TASK OBJECTIVE -
Transcribe the whole listing below without changing a word, but leave out every image.

COLLECTED MATERIAL -
[Start of Attachment]

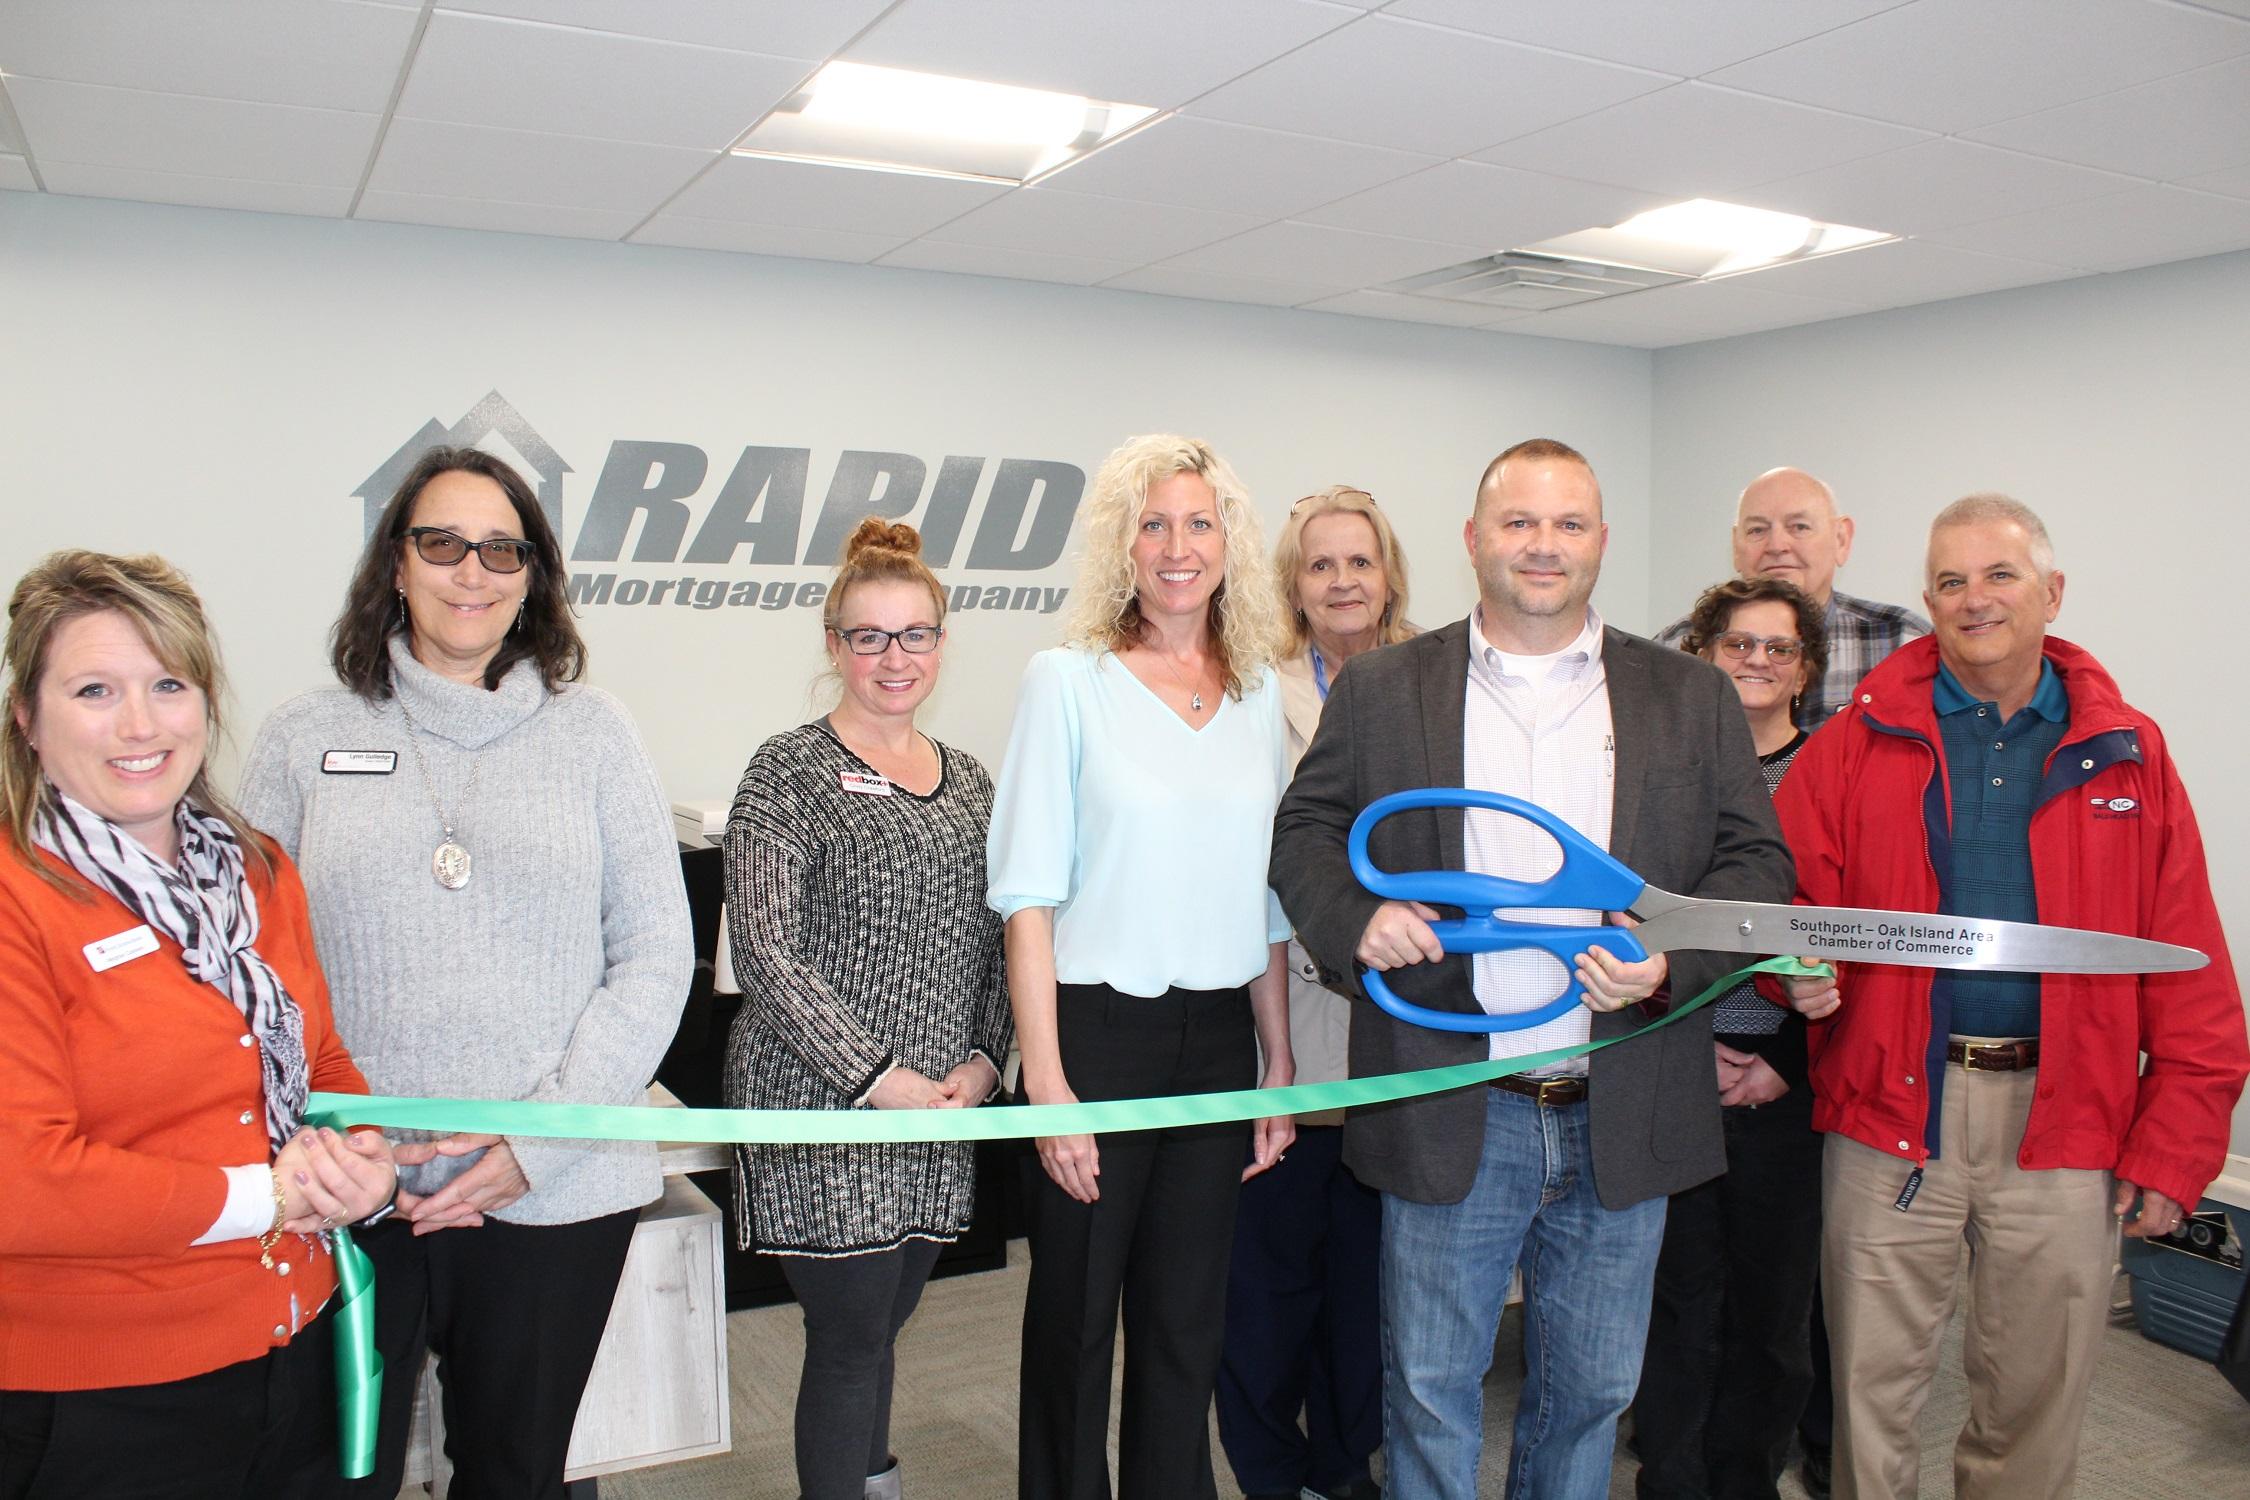 Rapid Mortgage Opens on Oak Island
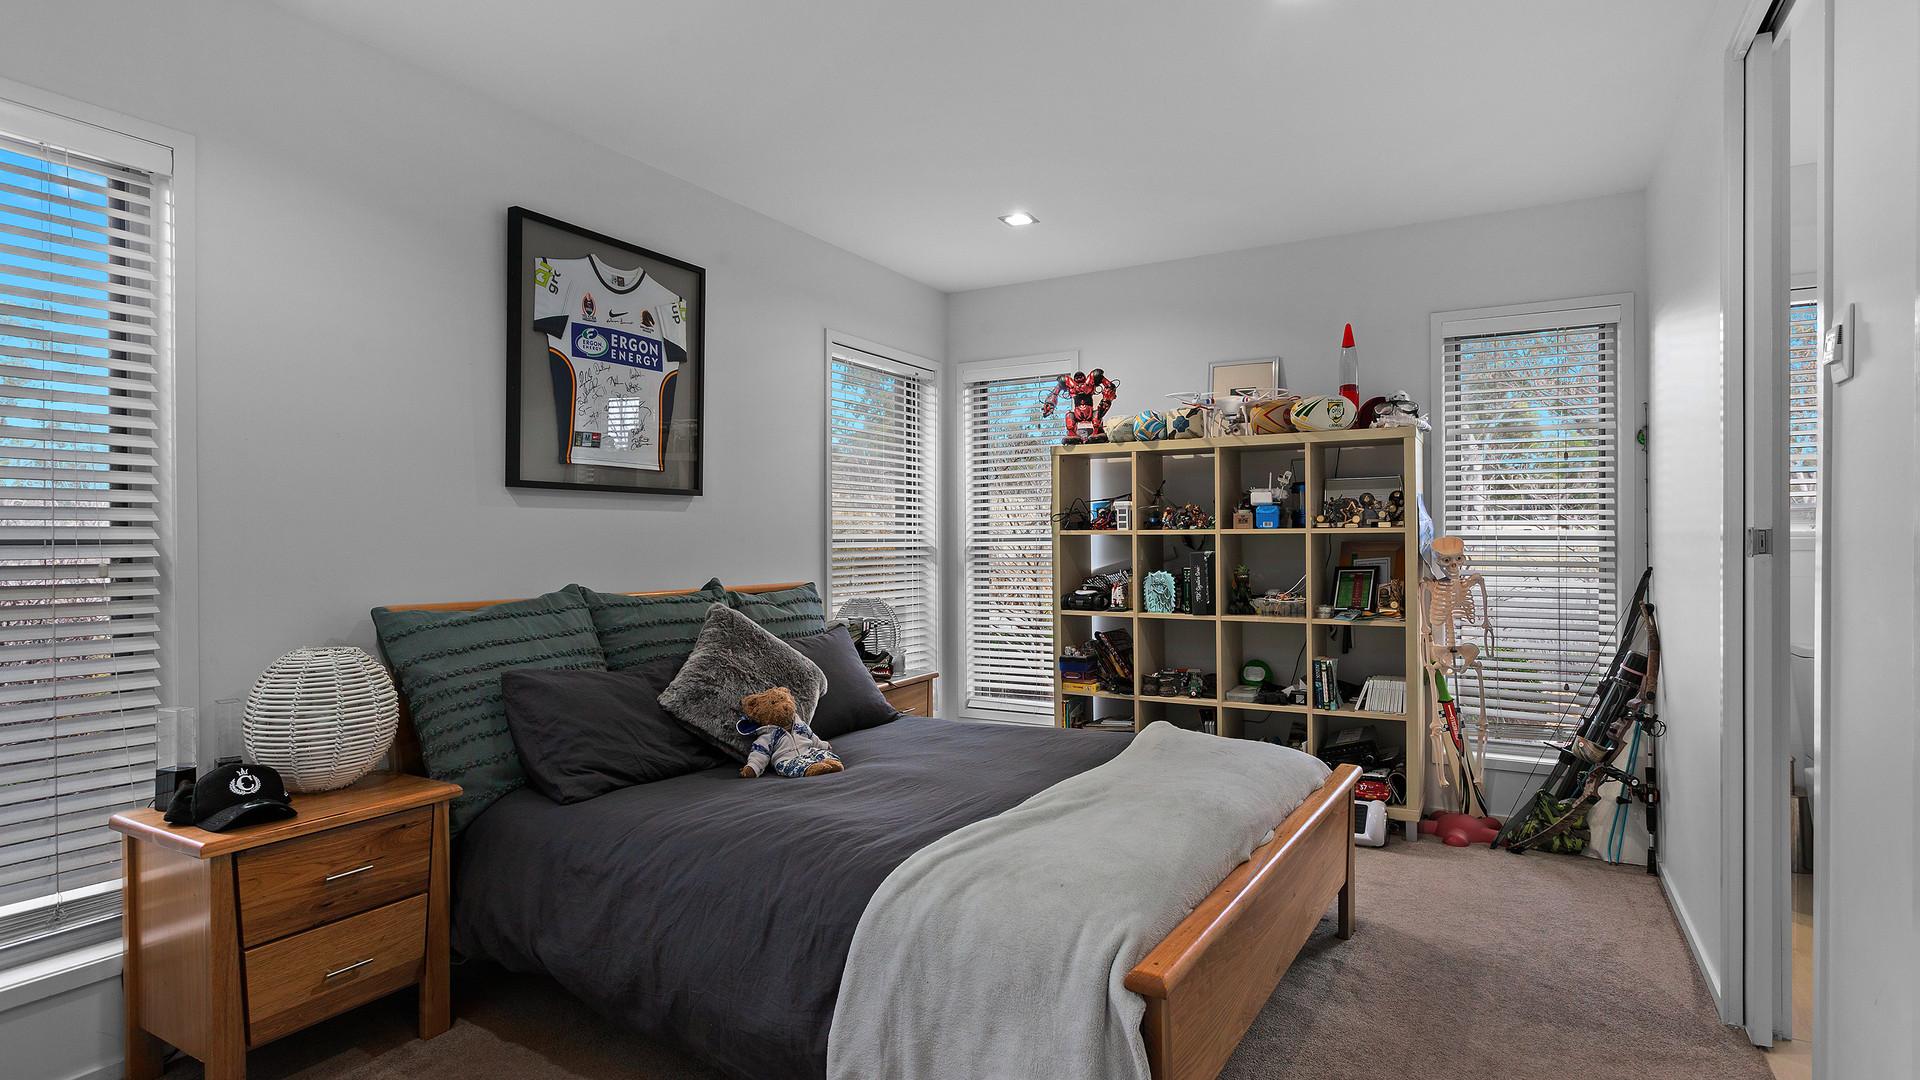 Second kid's room
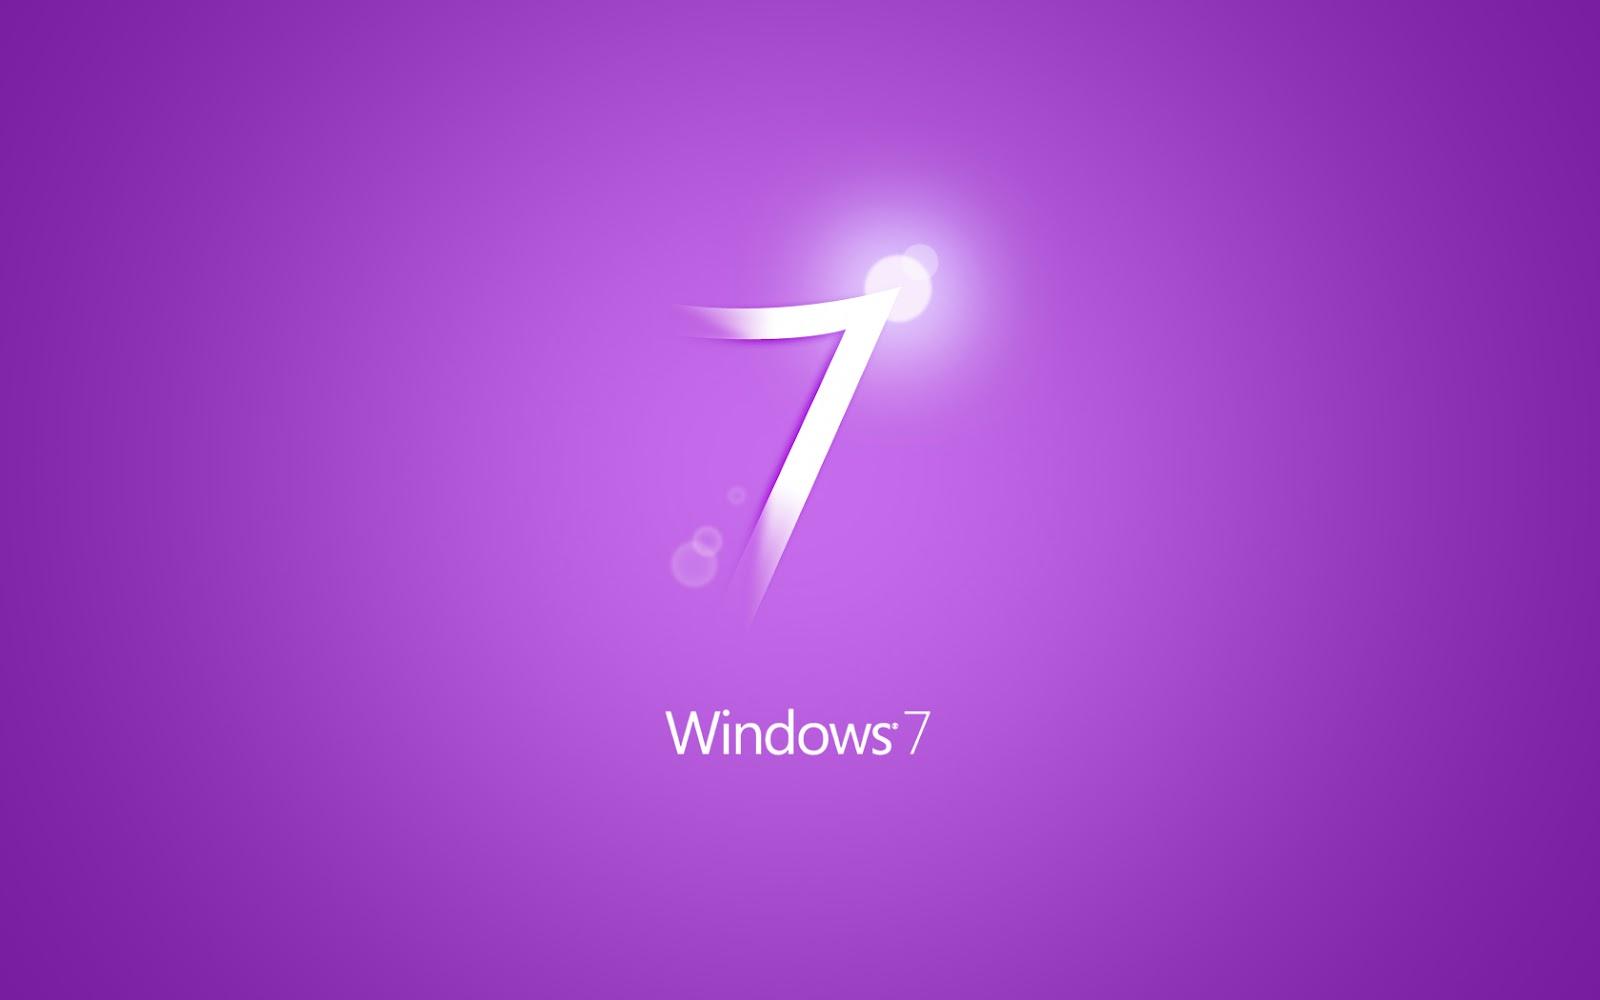 http://2.bp.blogspot.com/-oRWpEF4TLPE/TzeTrDLQyKI/AAAAAAAAFaY/rGxb3VqgQzM/s1600/Windows+7+Wallpapers+1.jpg

[End of Attachment]

ANSWER BOX -
 Rapid Mortgage Opens on Oak Island
 Second kid's room
 http://2.bp.blogspot.com/-oRWpEF4TLPE/TzeTrDLQyKI/AAAAAAAAFaY/rGxb3VqgQzM/s1600/Windows+7+Wallpapers+1.jpg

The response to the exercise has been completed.